→ **PROBLEM TO SOLVE**
Stop at the line containing "Yeezy x adidas": every line of the listing from the first up to that one must be set down exactly.

───── INPUT DATA ─────

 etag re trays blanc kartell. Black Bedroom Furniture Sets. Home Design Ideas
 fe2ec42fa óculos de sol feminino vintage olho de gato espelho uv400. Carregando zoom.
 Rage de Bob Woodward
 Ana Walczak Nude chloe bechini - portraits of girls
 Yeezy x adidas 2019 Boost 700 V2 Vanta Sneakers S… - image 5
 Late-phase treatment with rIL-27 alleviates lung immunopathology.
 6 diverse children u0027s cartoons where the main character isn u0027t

─────

→ **EXERCISE OUTPUT**
 etag re trays blanc kartell. Black Bedroom Furniture Sets. Home Design Ideas
 fe2ec42fa óculos de sol feminino vintage olho de gato espelho uv400. Carregando zoom.
 Rage de Bob Woodward
 Ana Walczak Nude chloe bechini - portraits of girls
 Yeezy x adidas 2019 Boost 700 V2 Vanta Sneakers S… - image 5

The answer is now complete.